Called into ordained ministry in the winter of 1983, Karen and I left for the Wilmore, Kentucky campus of Asbury Theological Seminary the following fall, in 1984. I arrived believing I was there to prove I was ready to do the work God had called me to rather than understand I was rather there to PREPARE for that work. I was driven yet I felt little and unready at every turn. I imagine others felt this way as well, but not many discussed it. In addition to school, I worked as a travel agent.
Our 300-square-foot, one-bedroom apartment on the ground floor of a two-story, cement block unit sat about 20 feet from the train tracks and faced an identical building across the small street. The trains punctuated conversations, interrupted phone calls and dinner. The building shook as they barreled past and their whistles split the night. Our friends, David and Donna Smith, lived directly across from us. One morning, I saw David with a cup of coffee in his front living room reading and praying. It was a tableau of the devotional life I craved and believed I lacked. Small-minded comparison was deeply ingrained within me. Rather than fixing my eyes on Jesus, I kept fixing them on David or others and felt diminished within.
That first semester of school, God had taken out a trowel and begun to dig into my heart. With patience, God began to uncover my soul. I took a Spiritual Formation class on suffering and the spiritual life that semester with Reg Johnson and Steve Harper that first term. For it, I kept a daily journal. As I wrote, God encountered me and exposed places of hurt within me.
One day, in October, I wrote:
Jesus, I have to study Greek, but my mind and heart are racing and my body feels as if it is going to fall asleep! What’s going on? What’s wrong with me? How do I combat this?
I’m thrilled to be here. It is a privilege to learn Greek. But what is defeating my heart before I start? Why do I feel as if something is very wrong? Everything is frustrating. I am not listening well to Karen. I change the subject when she mentions the doctor. I am striving to win but am losing. I feel like bursting out — escaping, running, screaming, shouting. My gut is tense.
Where is all this coming from? I am desperate, so very desperate.
So, Lord, here I am — shaking, angry, frightened, a child before you.
Suddenly, there in my journal writing, I was in a memory.
I’m wet from the water. But where am I? A beach? No, I’m beside a pool. I feel fat and ugly. Who is this boy? What is your name?
Brian. I’m 10.
Why are you still wet? Didn’t anyone give you a towel?
No. Everyone is off playing. They left me alone.Journal, October 1984
What followed as a long journal conversation between me and a 10 year old interior part. It was a start to heal.
Again and again, I recorded the voice of Jesus in the journal’s pages. Clearly, since I was so negative toward myself, this affirming, loving Voice clearly came from a different source. Once after I wrote
And I heard and wrote this response:
“Yes, my son. I’m rejoicing in a child who is learning to express and talk. A child learning to be. I love you.”
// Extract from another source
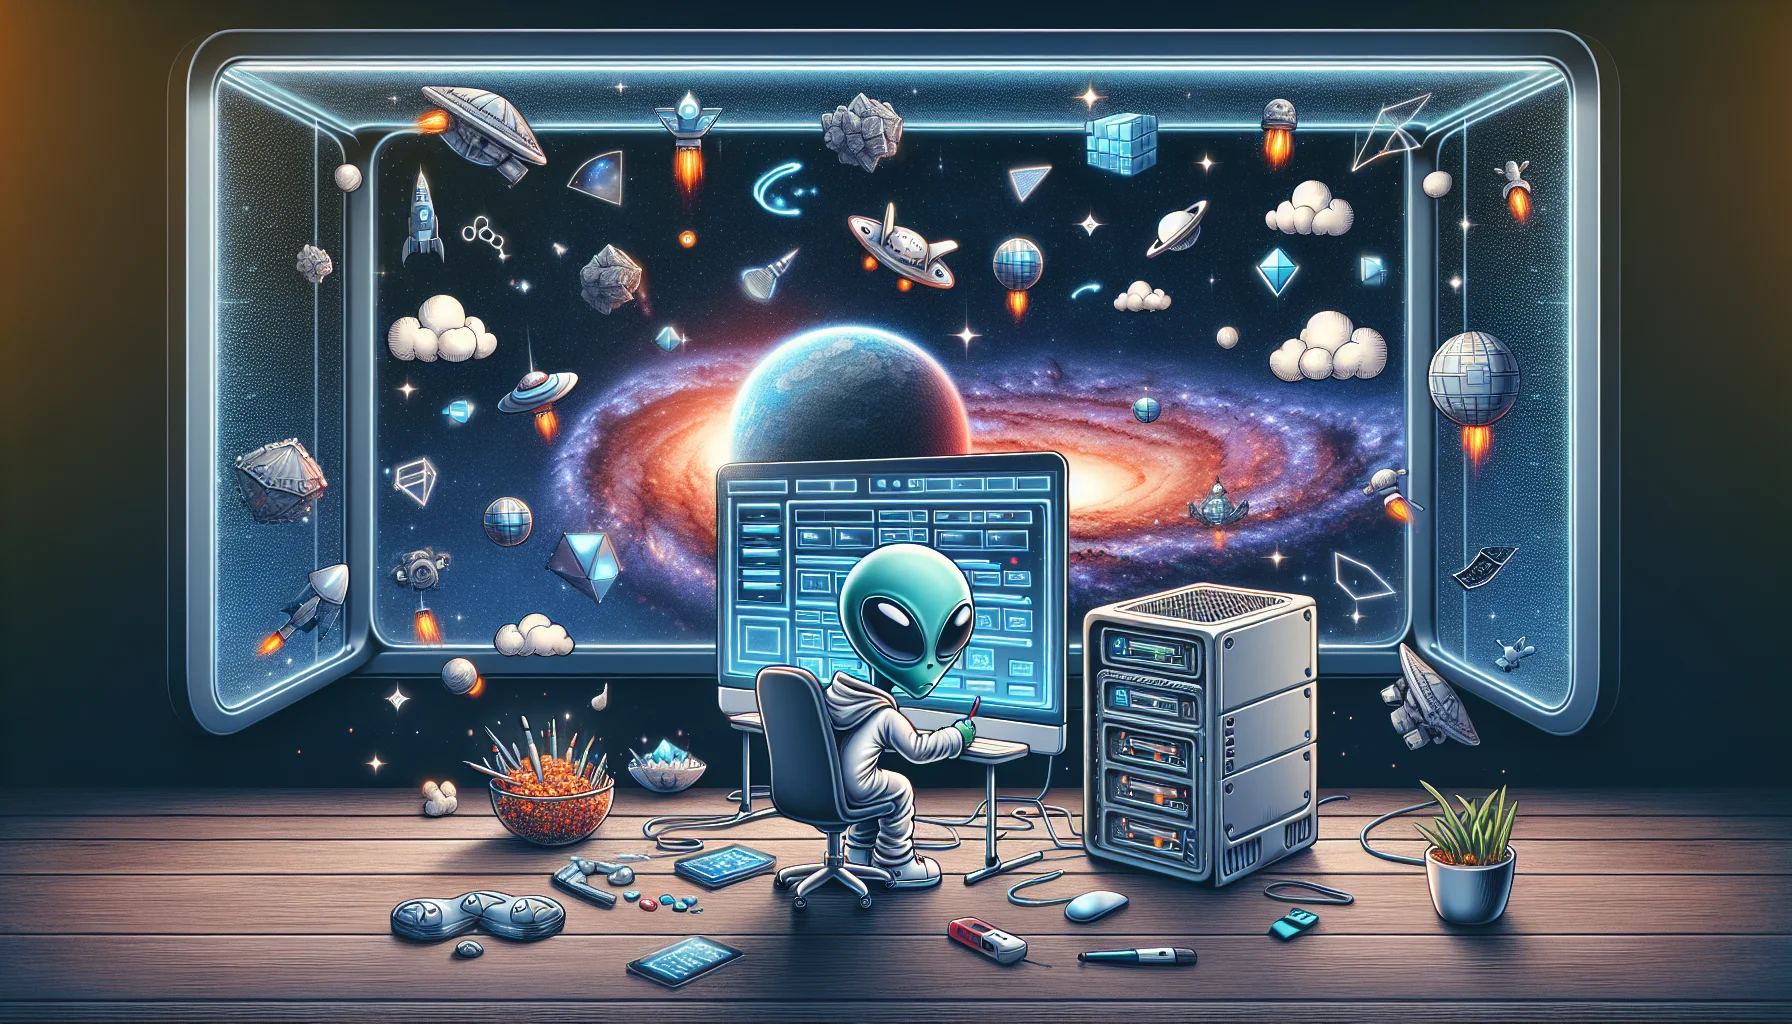 Create an intricately detailed and humorous scene highlighting a universe website builder application. The scenario includes an amiable cartoonish alien of undefined descent, using the software to design a stylish website on its futuristic-looking computer. The alien is surrounded by floating digital shapes and designs, symbolizing different website elements. In the background, there's a stunning view of a starry galaxy seen through a large spacecraft window, highlighting the cosmic theme. Right next to the alien is a comical miniature model of a data center, symbolising web hosting services, with small pixelated clouds fluttering above it.

Drs. Reg and Steve each met with me on many occasions that semester. One of them wrote to me in response to the journal, “Good work and depth in this journal. Use care that journal writing does not become burdensome. You put much into it.”
Far from burdensome, the journal was one way I learned to process and hopefully release the burdens I encountered daily within. Once begun, I journaled throughout my seminary career and have continued to do so since then. Steve and Reg taught me to pray, to listen, to trust the Voice I heard and follow. They both exhibited deep, listening relationships with the Lord and shared their insights and experiences with the class.
Over my seminary career, these two men became sources for advice and support. They were both a constant encouragement. Through them, I learned how to schedule my days, approach pastoral work, and lead others in their own spiritual growth. In addition, through them, I found my home in Wesleyan theology.
Toward the end of my time at seminary, Steve helped me put the whole of my four years into perspective. He described how the Masters of Divinity lays a foundation in many disciplines. Not all of these will remain prominent throughout my career. For some, the use of Greek might remain like mountain height whereas for others that might be pastoral care or preaching or teaching or leadership. Not all subjects will receive the same emphasis in ministry. This was the most life-giving thought to me, for it seemed every professor spoke of his or her craft as only taking 10 minutes a day to perfect. There were not enough daily minutes to keep up with them all! Because of Steve’s advice, I was able to freely emphasize some areas and deemphasize others.
One mountain height in my over three decades of ministry was pastoral counseling. Through this vehicle, God freed many, many lives. Perhaps because I have always been a needy case, myself, I had a deep empathy for anyone struggling for emotional wholeness.
God seems to use our points of weakness as a means of strength for others.
Have you seen this very thing happen in your life as well?